«Берия. Пожить бы еще лет 20!» Последние записи Берии | страница 37



Во-вторых, Молотов и Каганович (особенно — Молотов) к концу 1952 года из активной государственной деятельности высшего уровня всё более выпадали и поэтому вполне могли сосредоточиться на работе в Комиссии без ущерба для остальных своих обязанностей. При этом Молотов, как было уже сказано, представлял собой очень сильного мар-ксиста-обществоведа и теоретика. Не плавал в вопросах теории и Каганович.

Но Берия-то был и без того загружен, что называется, «под завязку», а делать что-то для галочки, абы как, он не привык и не умел. Сталин это знал, и если уж он привлёк Берию к важной теоретической, собственно говоря, работе, то, значит, у Сталина были на то вполне обоснованные резоны.

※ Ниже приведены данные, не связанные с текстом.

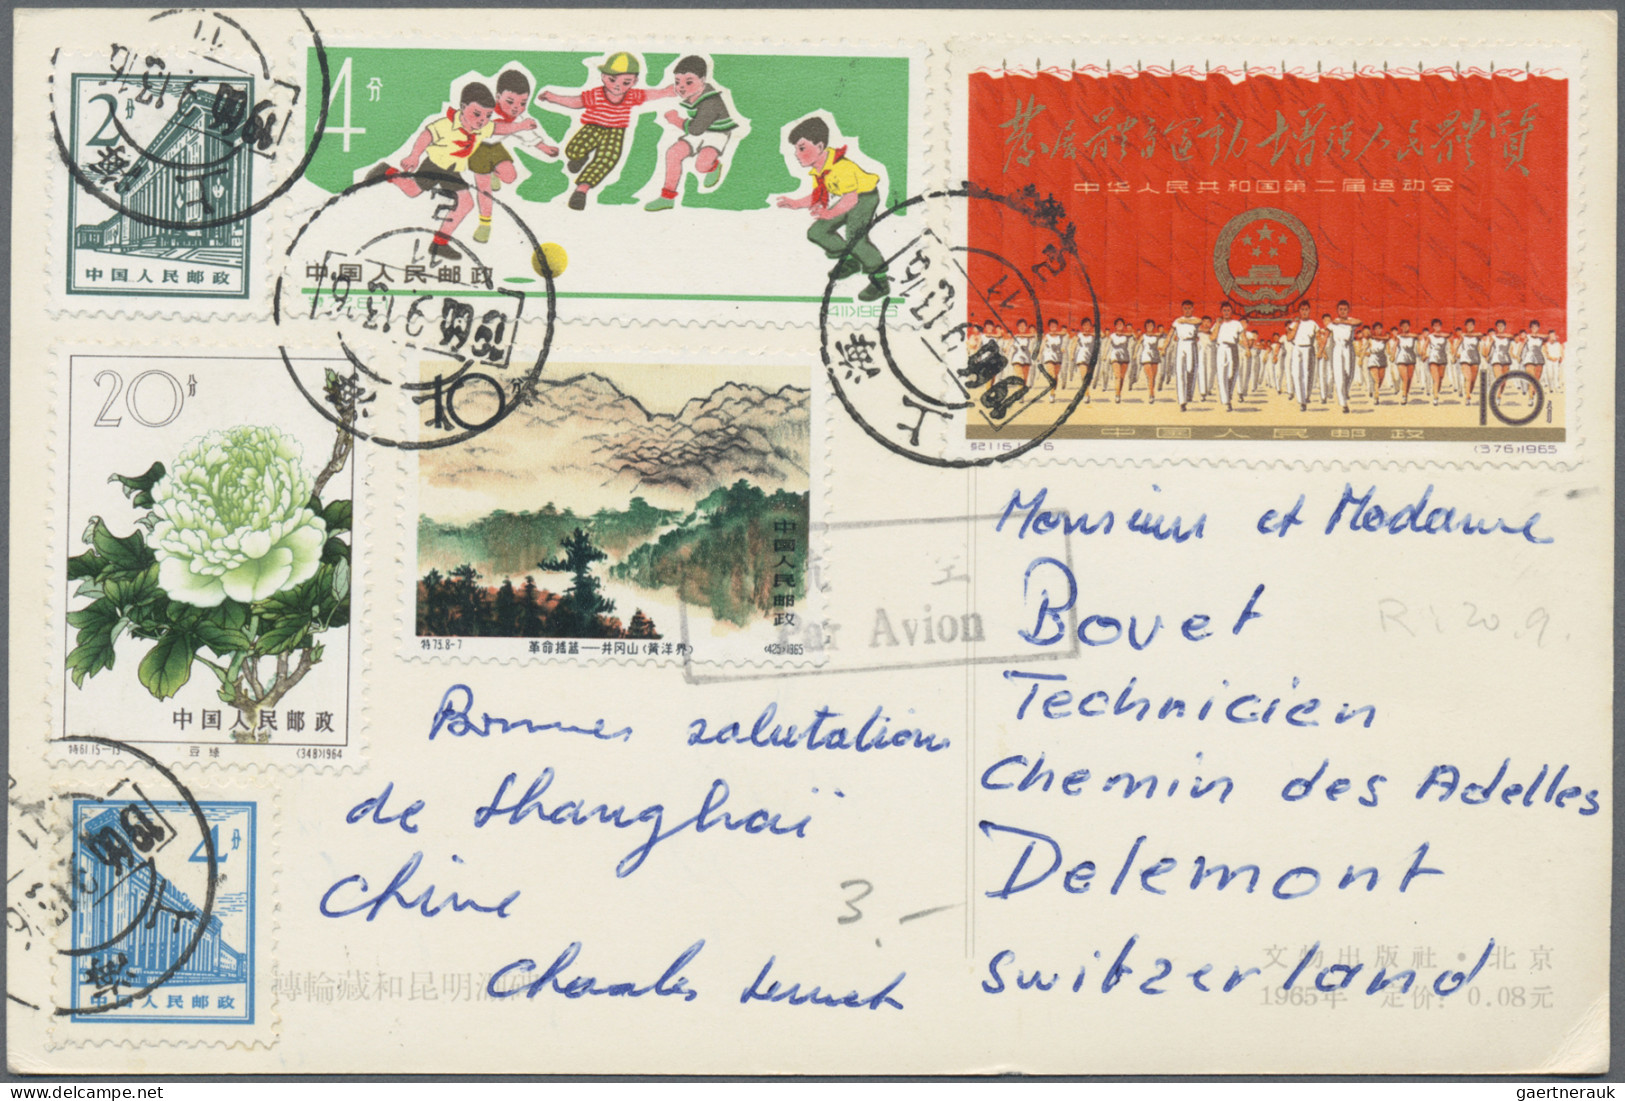 China (PRC): 1960/1970s, covers (21) or ppc (2) used foreign inc. peonies, Huang

По всему выходило, что Сталину был нужен в этой Комиссии, в дополнение к «чистым» идеологам и теоретикам, именно Берия.

Что же до Маленкова, то он присутствовал в Комиссии по, так сказать, штату — как один из секретарей ЦК. При этом Маленков был в Комиссии единственным, кроме Сталина, секретарём ЦК, но это так — к слову.

А, впрочем, может, и не к слову, может, за этим мелким фактом стояли крупные потенциальные перемены… В секретариат ЦК тогда входили Аристов, Брежнев, Игнатов, Маленков, Михайлов, Пегов, Пономаренко, Сталин, Суслов и Хрущёв. И отсутствие практически всех секретарей ЦК, а особенно — Суслова и Хрущёва, в Комиссии, призванной дать партии и стране новую, по сути, Программу КПСС, не может сегодня не бросаться в глаза!

Так же, как не может не наводить сегодня на серьёзные размышления присутствие в этой сталинской Комиссии неидеолога Берии.

Ныне публикуемые записи Лаврентия Павловича показывают, что Сталин включил его в компанию «записных» идеологов не зря. У Берии, как видим, был свой, не заёмный взгляд на проблемы мира и социализма, на будущее человечества и на те трудности, с которыми оно могло в будущем столкнуться.

Интересен и стиль этих записей Берии… У человека, вынужденного заниматься сразу многим, нередко вырабатывается несколько стилей — для деловых бумаг один, для личных — другой, да и для личных стиль может быть разным — одно дело дневник, другое — личное письмо, и третье — личные же размышления, но зафиксированные как некий подготовительный материал для серьёзного публичного выступления…

Стиль ниже приводимых записей я бы определил как смешанный. Они, судя по всему, представляют собой черновые наброски того, что потом стало основой речи на съезде, но в то же время они и шире — когда человек пишет, увлекаясь, он уже не думает о том, что пойдёт в дело, а что пишется «для души», а Лаврентий Павлович Берия был хотя и в высшей степени организованным, но всё же увлекающимся — в хорошем смысле слова — человеком и жил страстями — тоже в хорошем смысле этого понятия.